Notation for the direct sum and Kronecker sum of matrices

Question

The tensor product $w = u \otimes v$ of two vectors $u \in \mathbb{R}^m$ and $v \in \mathbb{R}^n$ is usually defined as \begin{equation} w_{in + j} = u_i v_j \text, \end{equation} and the Kronecker product of two (appropriately-sized) matrices $A \otimes B$ acts on such elementary tensors as \begin{equation} (A \otimes B) (u \otimes v) = (A u) \otimes (B u) \text. \end{equation}

The direct sum $w' = u \oplus v$ of two vectors is usually defined as \begin{equation} w'_i = \begin{cases} u_i & \text{if $i \le m$,} \\ v_{i - m} & \text{if $m < i \le n$,} \end{cases} \end{equation} and the direct sum of two matrices acts on this sum as \begin{equation} (A \oplus B) (u \oplus v) = (A u) \oplus (B u) \text. \end{equation}

One can also define the Kronecker sum of square matrices \begin{equation} A \mathop{\oplus_{\mathrm{Kronecker}}} B = A \otimes I_n + I_m \otimes B \text, \end{equation} such that \begin{equation} (A \mathop{\oplus_{\mathrm{Kronecker}}} B) (u \otimes v) = (Au) \otimes v + u \otimes (Bv) \text. \end{equation} This last operation is interesting in e.g. the theory of continous-time Markov chains, where if $A$ and $B$ represent infinitesimal generator matrices of two non-interacting systems, then $A \mathop{\oplus_{\mathrm{Kronecker}}} B$ is the infinitesimal generator for the (asynchronous) composition of the two systems.

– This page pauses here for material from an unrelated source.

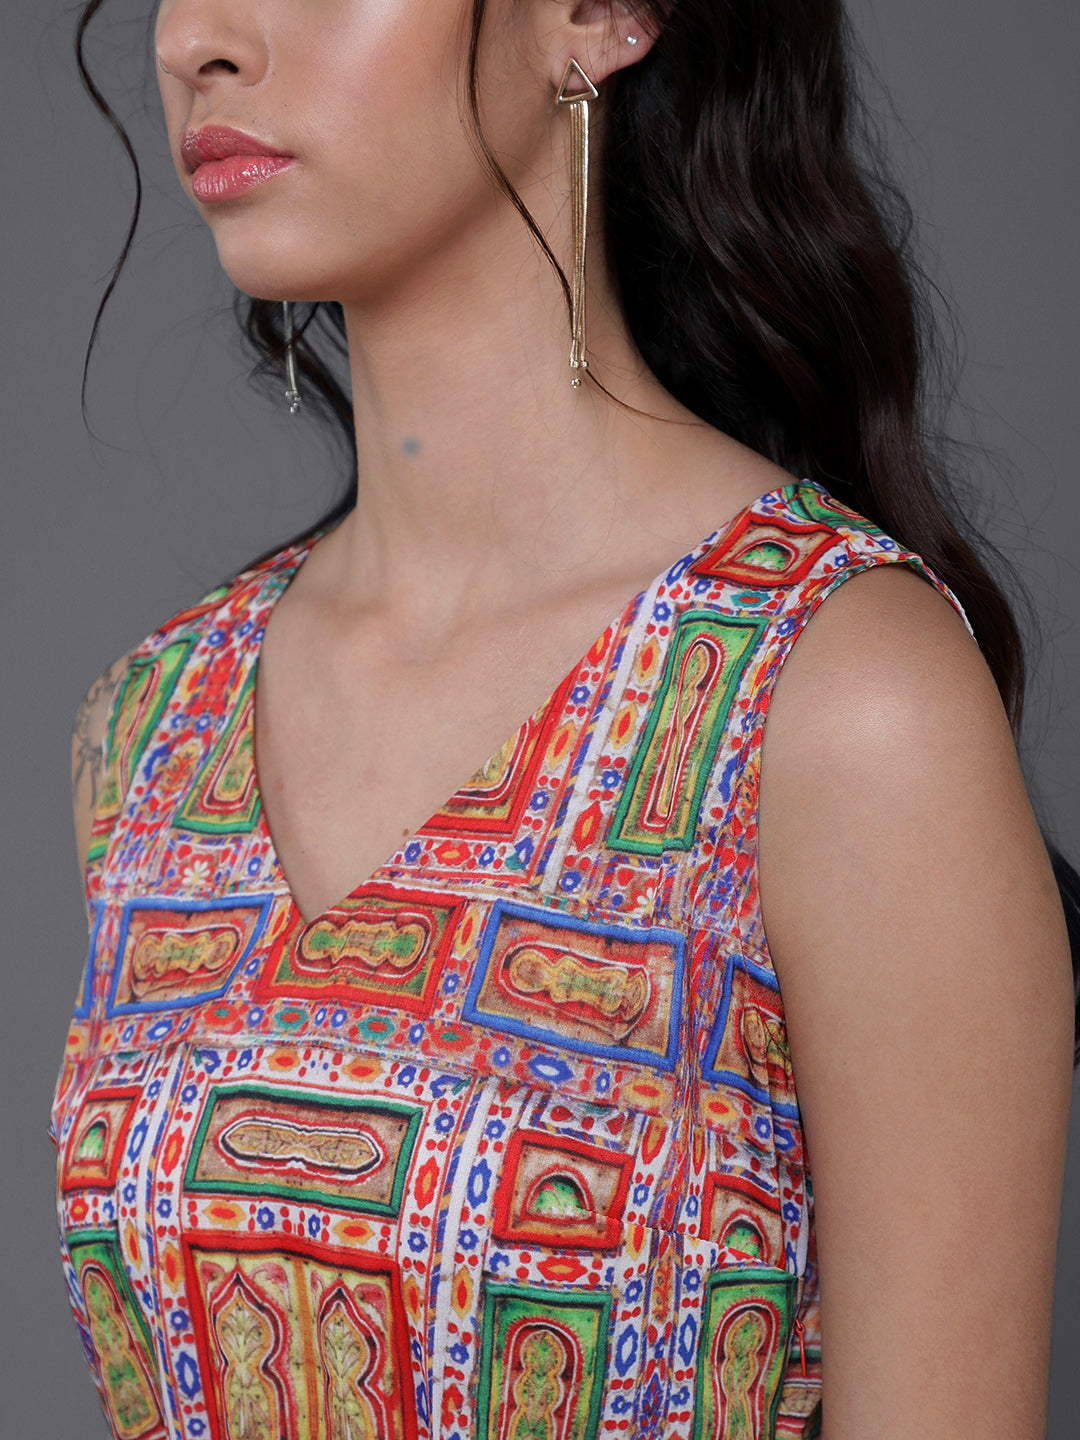 Multicolor Printed Slit Maxi Dress

Unfortunately, both the direct sum and the Kronecker sum of matrices is denoted by $\oplus$. What are some "standard" ways to handle this notational confusion if one has to work with mixed direct sums and Kronecker sums of matrices? The notation \begin{equation} A \mathop{\oplus_{\mathrm{Kronecker}}} (B \oplus C) \end{equation} is very cumbersome.

Wikipedia claims (unfortunately, I didn't find the source) that sometimes $\boxtimes$ is used to denote Kronecker products. Analogously, I could use $\boxplus$ for Kronekcer sums. However, I would prefer to use $\otimes$ and $\oplus$ for the Kronecker operators, mostly for aesthetic reasons (the box $\square$ is very "pointy").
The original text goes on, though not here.